**Goal of the exercise:** Please copy, exactly as they appear below, the lines from the one containing "Asymmetric Cape Top" through the one containing "Nativity accessory, resin".
[Recorded data]
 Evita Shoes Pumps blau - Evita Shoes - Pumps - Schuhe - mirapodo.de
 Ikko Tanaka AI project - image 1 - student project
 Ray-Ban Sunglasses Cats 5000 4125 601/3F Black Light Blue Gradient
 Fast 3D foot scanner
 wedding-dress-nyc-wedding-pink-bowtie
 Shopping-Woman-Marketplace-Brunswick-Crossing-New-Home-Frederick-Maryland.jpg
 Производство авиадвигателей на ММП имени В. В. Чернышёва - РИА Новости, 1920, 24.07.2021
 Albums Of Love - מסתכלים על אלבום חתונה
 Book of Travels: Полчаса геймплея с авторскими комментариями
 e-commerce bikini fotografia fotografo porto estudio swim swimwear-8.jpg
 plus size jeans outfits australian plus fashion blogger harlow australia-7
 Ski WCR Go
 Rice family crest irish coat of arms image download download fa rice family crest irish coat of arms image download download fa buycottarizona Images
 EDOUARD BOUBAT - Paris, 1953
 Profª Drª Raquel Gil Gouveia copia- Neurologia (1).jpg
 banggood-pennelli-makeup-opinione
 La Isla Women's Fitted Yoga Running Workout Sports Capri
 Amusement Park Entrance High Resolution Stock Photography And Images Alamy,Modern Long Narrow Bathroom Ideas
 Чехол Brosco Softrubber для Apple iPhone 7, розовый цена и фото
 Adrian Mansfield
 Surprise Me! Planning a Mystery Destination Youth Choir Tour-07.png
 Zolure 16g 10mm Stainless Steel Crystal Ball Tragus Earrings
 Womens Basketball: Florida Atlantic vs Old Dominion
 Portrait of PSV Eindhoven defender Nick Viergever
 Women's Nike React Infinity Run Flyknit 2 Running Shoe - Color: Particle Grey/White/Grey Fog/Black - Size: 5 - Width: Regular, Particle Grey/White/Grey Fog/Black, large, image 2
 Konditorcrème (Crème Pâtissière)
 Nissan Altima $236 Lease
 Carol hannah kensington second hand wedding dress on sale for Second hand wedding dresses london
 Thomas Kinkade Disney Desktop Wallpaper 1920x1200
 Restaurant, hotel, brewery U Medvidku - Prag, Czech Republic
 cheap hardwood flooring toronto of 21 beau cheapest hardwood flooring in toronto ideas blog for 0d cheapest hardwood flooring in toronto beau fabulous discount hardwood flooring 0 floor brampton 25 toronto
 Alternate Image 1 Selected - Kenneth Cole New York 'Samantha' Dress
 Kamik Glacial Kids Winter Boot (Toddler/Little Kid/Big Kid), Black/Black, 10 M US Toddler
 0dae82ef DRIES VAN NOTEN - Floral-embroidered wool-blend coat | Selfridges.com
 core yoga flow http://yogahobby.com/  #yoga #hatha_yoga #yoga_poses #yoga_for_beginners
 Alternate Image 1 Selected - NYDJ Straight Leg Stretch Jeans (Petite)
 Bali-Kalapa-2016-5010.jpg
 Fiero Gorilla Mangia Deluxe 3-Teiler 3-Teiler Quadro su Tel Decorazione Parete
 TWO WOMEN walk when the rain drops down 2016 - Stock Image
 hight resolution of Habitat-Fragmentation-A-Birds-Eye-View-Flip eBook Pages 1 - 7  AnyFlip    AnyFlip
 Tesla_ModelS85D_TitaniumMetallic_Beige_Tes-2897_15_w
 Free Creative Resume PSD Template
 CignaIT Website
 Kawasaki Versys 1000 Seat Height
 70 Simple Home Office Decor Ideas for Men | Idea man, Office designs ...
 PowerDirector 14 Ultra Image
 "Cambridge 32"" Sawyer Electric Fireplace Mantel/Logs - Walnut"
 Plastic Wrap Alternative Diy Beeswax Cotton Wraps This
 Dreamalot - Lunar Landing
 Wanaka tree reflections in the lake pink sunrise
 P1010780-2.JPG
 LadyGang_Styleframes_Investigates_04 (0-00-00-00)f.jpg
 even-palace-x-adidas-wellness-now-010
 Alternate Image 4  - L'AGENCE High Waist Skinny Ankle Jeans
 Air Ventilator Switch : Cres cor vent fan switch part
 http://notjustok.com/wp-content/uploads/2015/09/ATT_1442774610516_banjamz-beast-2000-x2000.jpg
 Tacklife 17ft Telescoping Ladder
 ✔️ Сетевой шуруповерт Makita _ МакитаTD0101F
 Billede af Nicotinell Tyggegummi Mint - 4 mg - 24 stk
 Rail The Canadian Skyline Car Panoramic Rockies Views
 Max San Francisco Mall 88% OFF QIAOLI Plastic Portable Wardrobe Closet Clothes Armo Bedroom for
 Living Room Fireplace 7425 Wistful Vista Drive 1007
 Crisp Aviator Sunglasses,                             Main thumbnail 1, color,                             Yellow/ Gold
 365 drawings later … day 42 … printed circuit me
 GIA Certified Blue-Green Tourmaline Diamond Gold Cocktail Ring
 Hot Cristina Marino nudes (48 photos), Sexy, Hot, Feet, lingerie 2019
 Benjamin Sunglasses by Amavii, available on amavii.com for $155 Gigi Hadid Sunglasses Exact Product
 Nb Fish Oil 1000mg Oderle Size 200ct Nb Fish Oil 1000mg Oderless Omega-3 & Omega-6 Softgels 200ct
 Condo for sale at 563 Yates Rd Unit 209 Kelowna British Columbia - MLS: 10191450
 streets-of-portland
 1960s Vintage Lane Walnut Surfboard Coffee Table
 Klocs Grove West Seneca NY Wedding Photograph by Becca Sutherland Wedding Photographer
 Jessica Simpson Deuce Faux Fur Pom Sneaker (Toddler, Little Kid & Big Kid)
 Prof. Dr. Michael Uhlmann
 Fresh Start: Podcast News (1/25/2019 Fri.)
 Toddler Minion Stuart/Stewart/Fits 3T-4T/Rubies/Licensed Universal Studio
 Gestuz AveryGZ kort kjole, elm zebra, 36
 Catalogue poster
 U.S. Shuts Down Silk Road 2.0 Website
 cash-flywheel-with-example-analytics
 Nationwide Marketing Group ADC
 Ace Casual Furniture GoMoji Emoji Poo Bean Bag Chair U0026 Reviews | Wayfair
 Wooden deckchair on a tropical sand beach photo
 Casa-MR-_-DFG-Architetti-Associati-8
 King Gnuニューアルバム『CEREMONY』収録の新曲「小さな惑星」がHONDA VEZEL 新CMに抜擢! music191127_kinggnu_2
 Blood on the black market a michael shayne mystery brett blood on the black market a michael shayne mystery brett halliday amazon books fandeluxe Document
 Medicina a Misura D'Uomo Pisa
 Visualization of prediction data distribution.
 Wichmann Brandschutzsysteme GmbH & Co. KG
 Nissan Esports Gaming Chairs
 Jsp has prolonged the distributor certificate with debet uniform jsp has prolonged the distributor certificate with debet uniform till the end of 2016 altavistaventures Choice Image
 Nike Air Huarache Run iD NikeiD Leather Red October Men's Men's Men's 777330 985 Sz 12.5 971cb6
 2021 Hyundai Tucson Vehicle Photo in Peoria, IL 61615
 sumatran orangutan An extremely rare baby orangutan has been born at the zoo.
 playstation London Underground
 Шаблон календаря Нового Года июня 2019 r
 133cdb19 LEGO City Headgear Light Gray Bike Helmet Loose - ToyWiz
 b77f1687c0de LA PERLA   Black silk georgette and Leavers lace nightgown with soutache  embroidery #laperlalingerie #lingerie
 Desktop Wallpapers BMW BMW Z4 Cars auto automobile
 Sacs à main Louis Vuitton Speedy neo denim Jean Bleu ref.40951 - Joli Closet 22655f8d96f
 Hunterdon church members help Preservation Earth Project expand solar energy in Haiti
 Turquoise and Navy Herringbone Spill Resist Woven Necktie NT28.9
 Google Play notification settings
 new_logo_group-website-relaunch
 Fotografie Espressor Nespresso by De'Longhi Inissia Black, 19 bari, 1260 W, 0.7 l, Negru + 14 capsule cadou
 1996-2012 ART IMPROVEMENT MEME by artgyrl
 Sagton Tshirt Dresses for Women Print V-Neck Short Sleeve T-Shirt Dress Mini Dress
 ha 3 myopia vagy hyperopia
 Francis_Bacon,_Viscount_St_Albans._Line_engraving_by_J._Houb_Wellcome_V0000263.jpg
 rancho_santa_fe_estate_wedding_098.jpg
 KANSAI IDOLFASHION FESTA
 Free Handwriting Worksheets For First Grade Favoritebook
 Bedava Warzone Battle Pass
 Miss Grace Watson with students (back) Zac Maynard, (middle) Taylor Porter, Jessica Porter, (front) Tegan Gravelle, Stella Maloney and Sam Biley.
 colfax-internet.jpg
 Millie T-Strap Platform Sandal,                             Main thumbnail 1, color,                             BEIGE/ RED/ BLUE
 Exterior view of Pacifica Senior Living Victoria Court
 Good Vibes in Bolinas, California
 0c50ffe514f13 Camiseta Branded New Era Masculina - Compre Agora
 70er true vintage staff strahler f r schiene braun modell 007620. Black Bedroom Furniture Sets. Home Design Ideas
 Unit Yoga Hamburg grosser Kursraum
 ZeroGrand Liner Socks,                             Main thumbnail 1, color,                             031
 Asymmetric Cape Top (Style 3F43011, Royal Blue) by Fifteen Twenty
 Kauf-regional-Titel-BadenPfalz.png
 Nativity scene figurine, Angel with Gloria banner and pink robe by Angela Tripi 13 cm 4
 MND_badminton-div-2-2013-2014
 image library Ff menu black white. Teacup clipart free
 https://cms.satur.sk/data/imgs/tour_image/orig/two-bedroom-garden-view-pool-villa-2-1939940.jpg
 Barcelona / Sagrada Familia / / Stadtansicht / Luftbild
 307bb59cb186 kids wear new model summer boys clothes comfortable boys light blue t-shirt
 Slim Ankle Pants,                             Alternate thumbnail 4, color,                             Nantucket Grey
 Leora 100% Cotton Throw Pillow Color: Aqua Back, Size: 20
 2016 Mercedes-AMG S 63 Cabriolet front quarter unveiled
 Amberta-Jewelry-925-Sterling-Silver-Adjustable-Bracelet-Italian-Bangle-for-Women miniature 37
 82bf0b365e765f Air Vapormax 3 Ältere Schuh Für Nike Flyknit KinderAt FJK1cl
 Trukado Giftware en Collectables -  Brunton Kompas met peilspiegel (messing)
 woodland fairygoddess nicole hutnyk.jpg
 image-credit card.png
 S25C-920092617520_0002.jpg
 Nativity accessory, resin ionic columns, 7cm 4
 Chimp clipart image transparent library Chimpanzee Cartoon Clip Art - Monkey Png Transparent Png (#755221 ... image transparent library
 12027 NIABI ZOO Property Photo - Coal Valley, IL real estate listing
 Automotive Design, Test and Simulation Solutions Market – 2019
[/Recorded data]
**Exercise response:**
 Asymmetric Cape Top (Style 3F43011, Royal Blue) by Fifteen Twenty
 Kauf-regional-Titel-BadenPfalz.png
 Nativity scene figurine, Angel with Gloria banner and pink robe by Angela Tripi 13 cm 4
 MND_badminton-div-2-2013-2014
 image library Ff menu black white. Teacup clipart free
 https://cms.satur.sk/data/imgs/tour_image/orig/two-bedroom-garden-view-pool-villa-2-1939940.jpg
 Barcelona / Sagrada Familia / / Stadtansicht / Luftbild
 307bb59cb186 kids wear new model summer boys clothes comfortable boys light blue t-shirt
 Slim Ankle Pants,                             Alternate thumbnail 4, color,                             Nantucket Grey
 Leora 100% Cotton Throw Pillow Color: Aqua Back, Size: 20
 2016 Mercedes-AMG S 63 Cabriolet front quarter unveiled
 Amberta-Jewelry-925-Sterling-Silver-Adjustable-Bracelet-Italian-Bangle-for-Women miniature 37
 82bf0b365e765f Air Vapormax 3 Ältere Schuh Für Nike Flyknit KinderAt FJK1cl
 Trukado Giftware en Collectables -  Brunton Kompas met peilspiegel (messing)
 woodland fairygoddess nicole hutnyk.jpg
 image-credit card.png
 S25C-920092617520_0002.jpg
 Nativity accessory, resin ionic columns, 7cm 4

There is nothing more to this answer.